So lets say you’re flipping an item in Jita end the sell value is crashing hard, it seems like somone is intentionally bringing it down either by controlling a majority of the orders or a majority of the stock. You’ve got to concider what they stand to gain from that action. This is something you’ll see alot of in smaller trade hubs, say Amarr and below, as one person is able to throw their weight around and no one is really interested in stopping them.

Another reason is bots, however i’ve only seen a handful of bots in the 3 years i’ve been trading so i don’t actually concider that a major issue, CCP watch for them and track patterns and then stomp them out; it takes time to prove a toon is a bot though, so it’s an never ending war.

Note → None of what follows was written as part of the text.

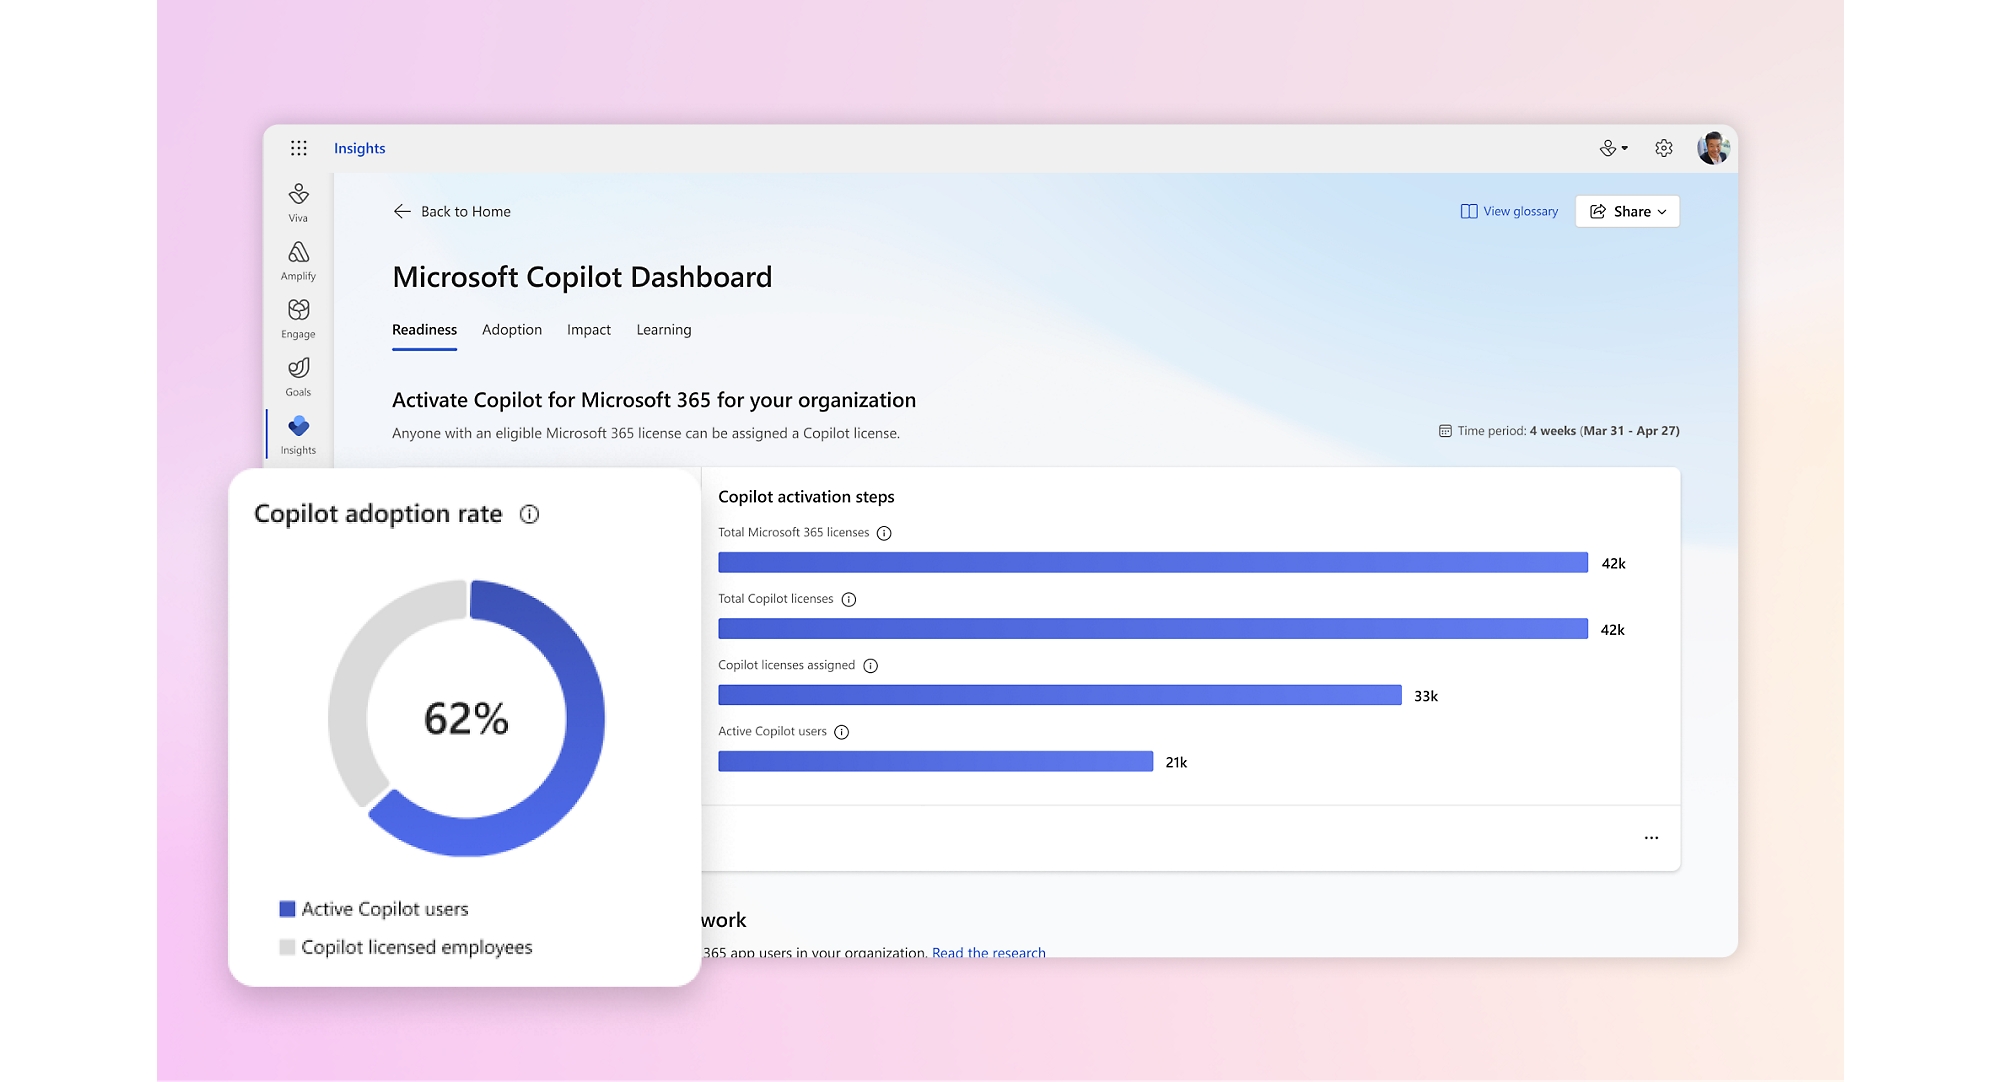 Microsoft Copilot Dashboard showing an adoption rate of 62% and a progress bar chart of Copilot activation steps.

Lastly and most likely is the form of trading someone is doing. If someone is region trading, then they really won’t care what they buy the goods for, as they will still make their margins on the sell as they will likely be in a low competition market, say a SOV NULL fort. They may buy the item at a price that is harmful for the local market however they will still make their 25-50% markup and profit all said and done.

Ever got questions feel free to hit me up, i’m no expert however i’ve got 3 years experience tinkering with trade. Just join the discord below and PM me.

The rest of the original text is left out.